Keywords: cenegermin, oxervate, cornea, corneal ulcer, prokera, tarsorrhaphy, amniotic membrane transplantation, epithelial defect, neurotrophic keratitis, neurotrophic keratopathy
Introduction
Neurotrophic keratitis (NK) is a rare corneal condition caused by damage of trigeminal innervation, leading to an impairment in sensory and trophic function with a subsequent breakdown of the corneal epithelium [1,2]. The pathological changes of NK are seen because impairment of corneal sensitivity interrupts trophic relations, which are essential for corneal physiologic renewal and wound healing [2]. It has been stated that in the setting of reduced or altered corneal trophic function and sensitivity, an epithelial defect that does not heal or heals and repeatedly breaks down, is clinically indicative of NK [1]. Several conditions that impair the trigeminal nerve can cause NK, such as herpetic keratitis, multiple sclerosis, diabetes, contact lens misuse, ocular chemical burns, corneal surgery, and cranial neurosurgery [1,2]. NK is classified into three overlapping stages based on the depth of corneal involvement or severity [3]. Stage 1 is characterized by corneal epithelial alterations, stage 2 is characterized by corneal erosion, and stage 3 is characterized by corneal ulceration [3]. Management of NK is stage-dependent and can be categorized as medical management, non-surgical intervention, and surgical management [3].

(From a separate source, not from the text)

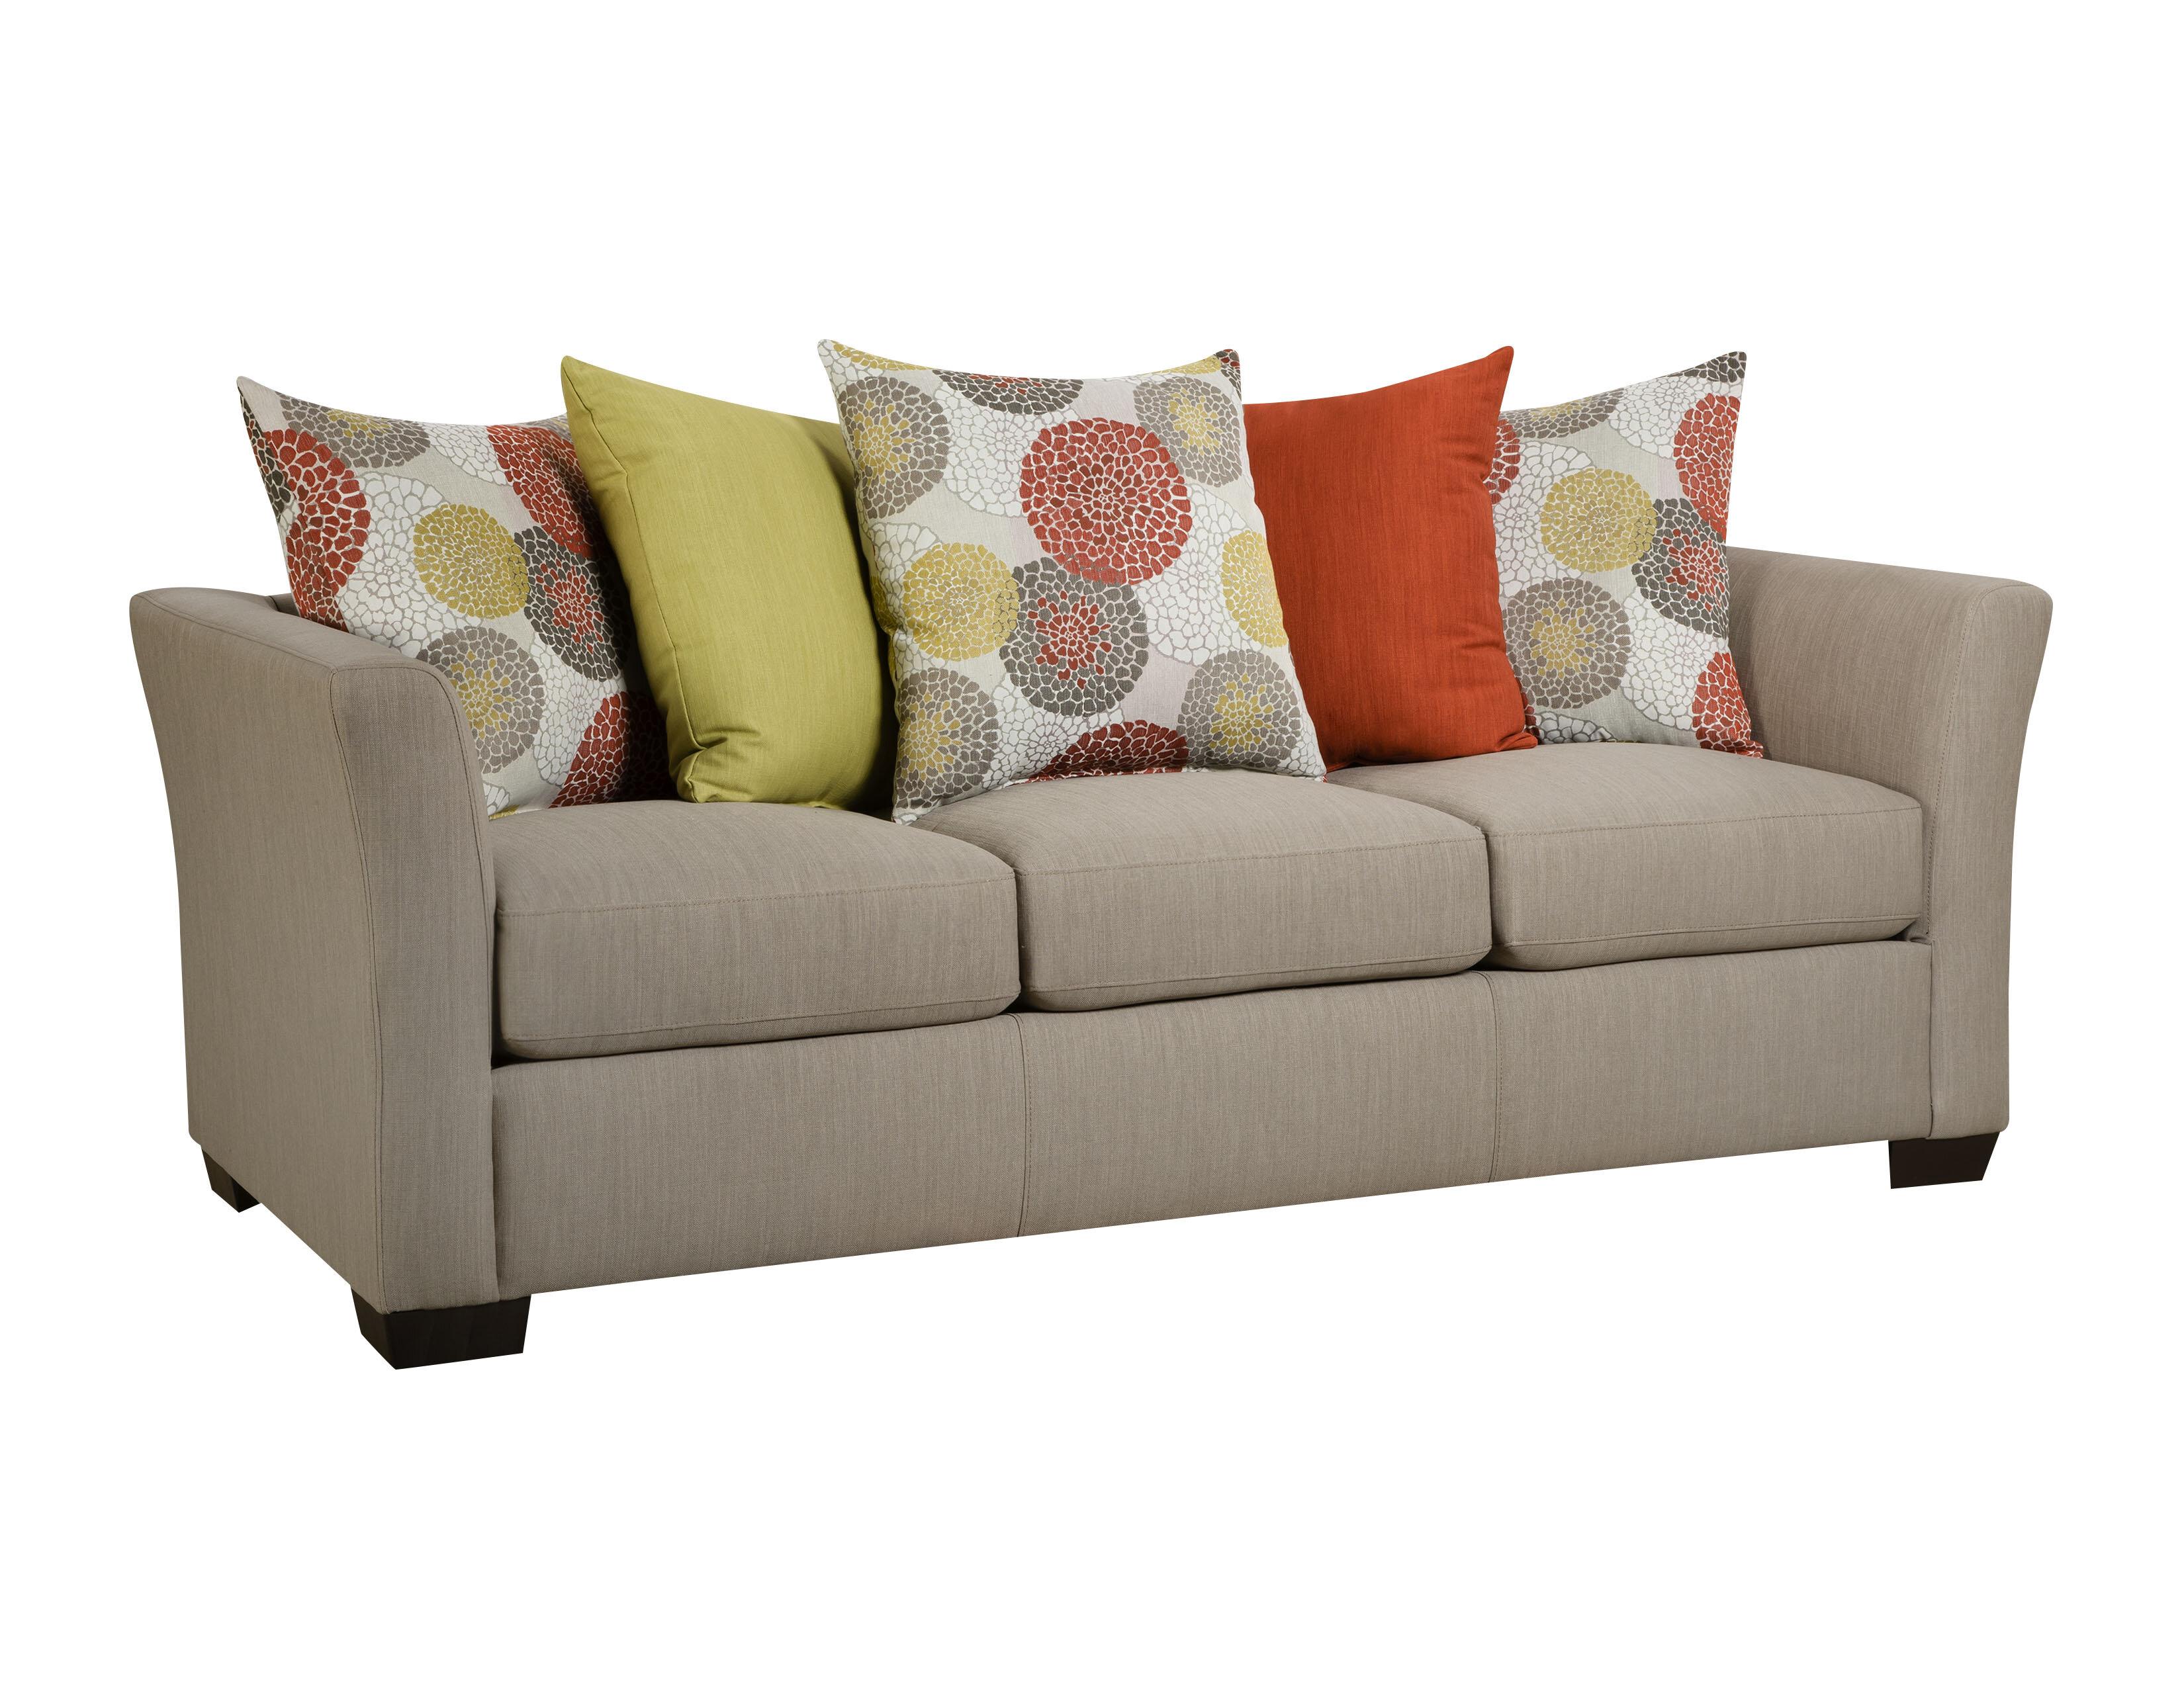 Simmons Upholstery Sleeper Sofa Www Gradschoolfairs Com

In 2018, cenegermin eye drops (OXERVATETM), an ophthalmic solution containing 20 μg/mL of a recombinant form of human nerve growth factor (NGF), were approved for the treatment of NK in the United States [3,4]. Cenegermin is the first and only drug that has received approval for the treatment of NK [4]. NGF is a neurotrophin that supports corneal integrity and promotes restoration of corneal nerve function after injury [4]. Furthermore, NGF is known to promote corneal healing, maintain corneal epithelial stem cells, promote tear production, and induce epithelial cell proliferation and differentiation [4]. Phase 2 clinical trials, conducted on patients with moderate or severe NK, showed treatment with cenegermin (as compared to treatment with a vehicle) is associated with lower rates of disease progression and higher rates of complete corneal healing [4]. In this paper, we describe the effective utilization of recombinant human nerve growth factor in the management of NK associated with a therapeutic keratoplasty.
Case presentation
An 84-year-old Caucasian female presented with a history of type 2 diabetes, cardiovascular disease with heart valve placement, chronic dry eye disease, and pseudophakia with YAG laser capsulotomy in both eyes. She was referred by another ophthalmologist for infectious keratitis due to methicillin-resistant Staphylococcus aureus (MRSA) in the left eye that poorly responding to treatment. She had been managed with a variety of topical medications (tobramycin, amphotericin B, moxifloxacin, and voriconazole). The patient reported that the corneal infection, OS, began following YAG laser capsulotomy in the left eye. She noted progressive visual blurriness, excessive dry eye awareness as well as mild scratchiness, and light sensitivity in the left eye.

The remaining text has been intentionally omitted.